Taking a piece of venison, he withdrew a little from the others, squatted down on his haunches and tore off pieces of the raw flesh with his strong teeth. The others had long since ceased to pay attention to this seeming idiosyncrasy. They had, on occasion, eaten their meat raw; but they still preferred it cooked—usually charred on the outside, raw on the inside, and covered with dirt. They were no longer fastidious.
"What was on your mind, Shrimp, while you were legging it in front of Rhinoceros Dicerorhinus sumatrensis?" asked Bubonovitch. "You sure hit nothing but the high spots. I'll bet you did the hundred yards in under eight seconds."

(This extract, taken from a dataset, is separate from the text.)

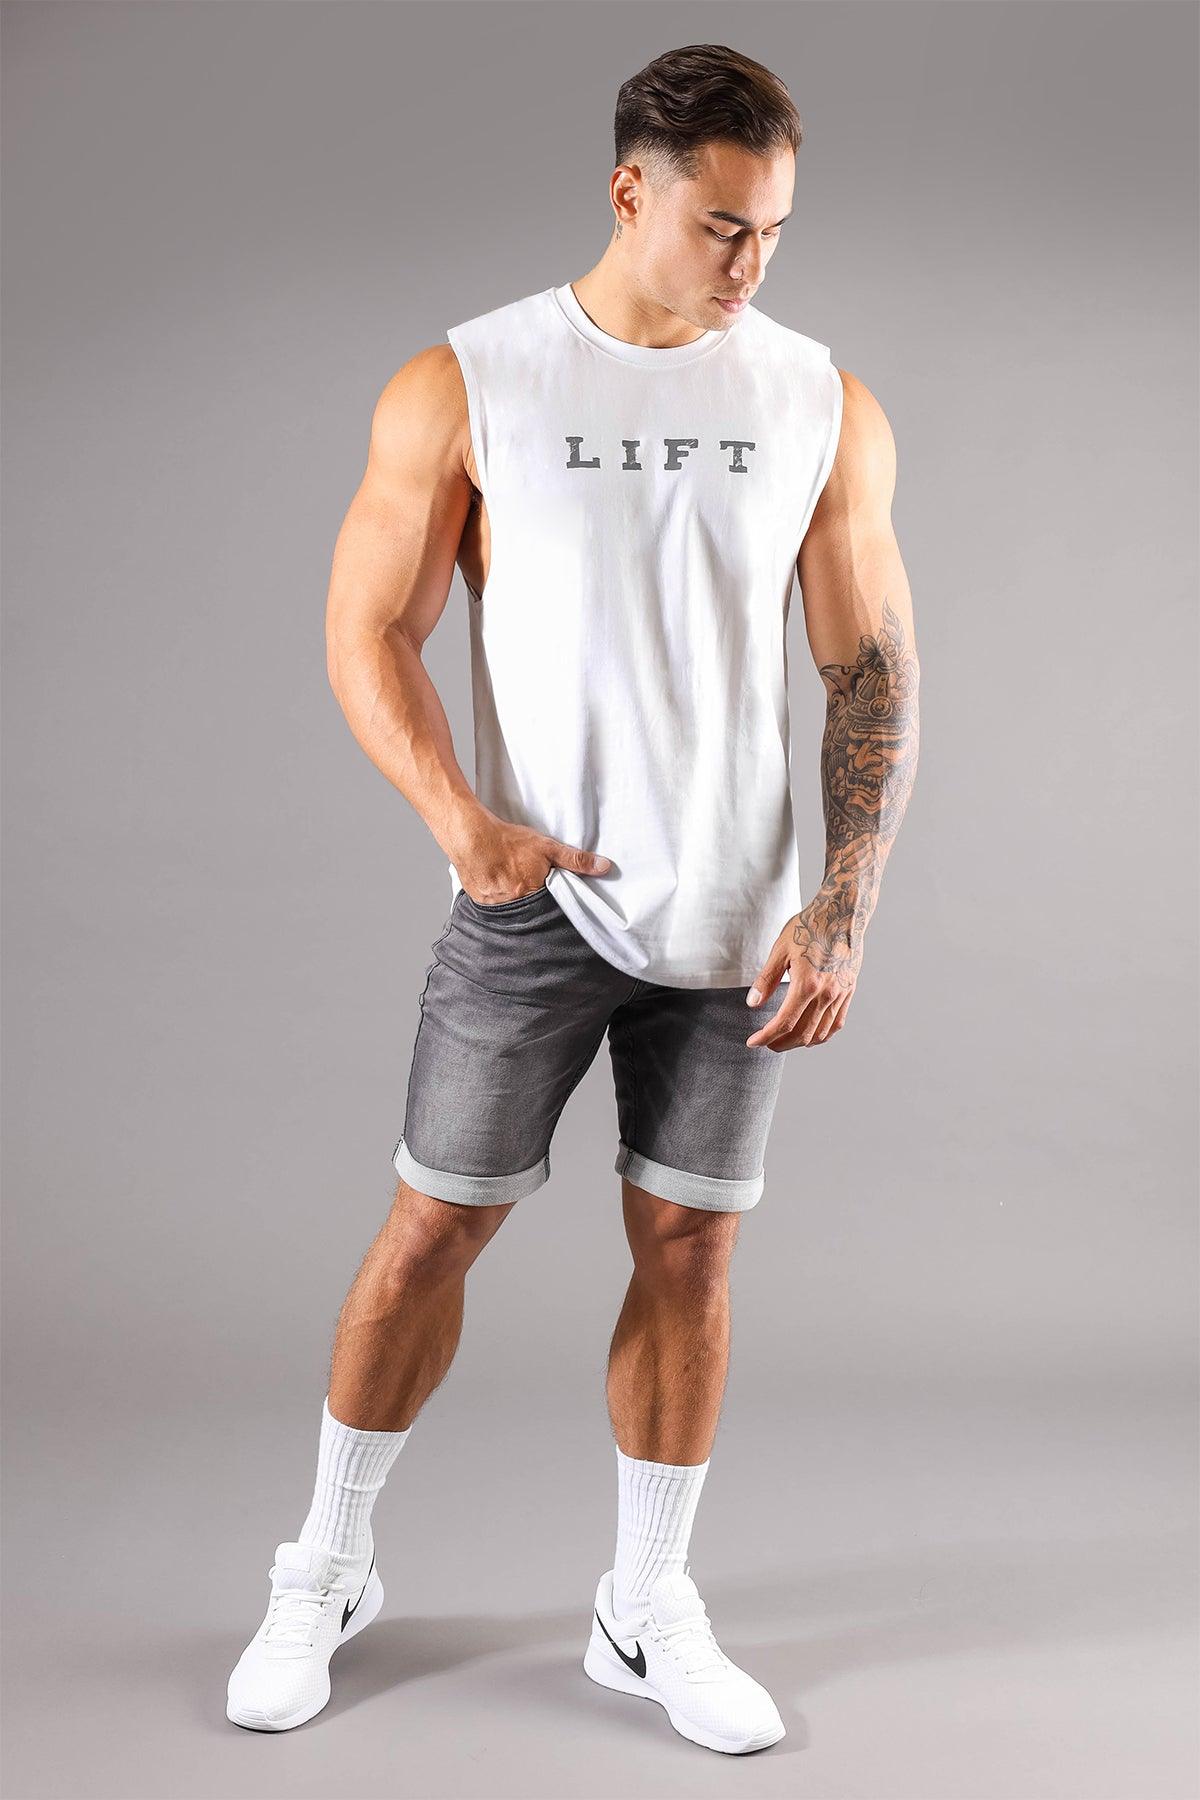 Workout Muscle Tee - Lift - Jed North

"I'll tell you wot I was thinkin'. I'd started on Ave Maria w'en I seen it was nothin' less 'n Whirlaway on my tail. I was thinkin' if I could just finish that one Ave Maria before it caught up with me, I might have a chance. Then I stumbled. But the Blessed Mary heard me and saved me."
"I thought it was Tarzan," said Bubonovitch.
"Of course it was Tarzan; but whoinell do you suppose got him there in time, you dope?"
"There are no atheists at the business end of a rhinoceros," said Jerry.
"I prayed, too," said Corrie. "I prayed that God would not let anything happen to you who were risking you life to save ours. You are a very brave man, sergeant, for you must have known that you didn't have one chance in a million."
Rosetti was very unhappy. He wished that they would talk about something else. "You got me all wrong," he said. "I just ain't got no sense. If I had, I'd a run the other way; but I didn't think of it in time. The guy who had the guts was the colonel. Think of killin' a deer an' dat rhino wit nothin' but a knife." This gave him an idea for changing the subject. "An' think of all dat meat lyin' out there an' the poor suckers back home got to have ration coupons an' then they can't get enough."
"Think of the starving Armenians," said Bubonovitch.
"All the Armenians I ever seen could starve as far as I'm concerned," said Shrimp. He took another piece of venison and lapsed into silence.
Jerry had been watching Corrie when he could snatch a quick look without actually staring at her. He saw her tearing at the meat with her fine, white teeth. He recalled what she had said about hating the Japs: "I want to hate them. I often reproach myself because I think I am not hating bitterly enough." He thought, what kind of a woman will she be after the war— after all that she has gone through?
He looked at Tarzan tearing at raw meat. He looked at the others, their hands and faces smeared with the juices of the venison, dirty with the char of the burned portions.
"I wonder what sort of a world this will be after peace comes," he said. "What kind of people will we be? Most of us are so young that we will be able to remember little else than war—killing, hate, blood. I wonder if we can ever settle down to the humdrum existence of civilian life."
"Say! If I ever get my feet under a desk again," said Bubonovitch, "I hope God strikes me dead if I ever take them out again."
"That's what you think now, Bum. And I hope you're right. For myself, I don't know. Sometimes I hate flying, but it's in my blood by now. Maybe it isn't just the flying—it's the thrill and excitement, possibly. And if that is true, then it's the fighting and the killing that I like. I don't know. I hope not. It will be a hell of a world if a great many young fellows feel that way.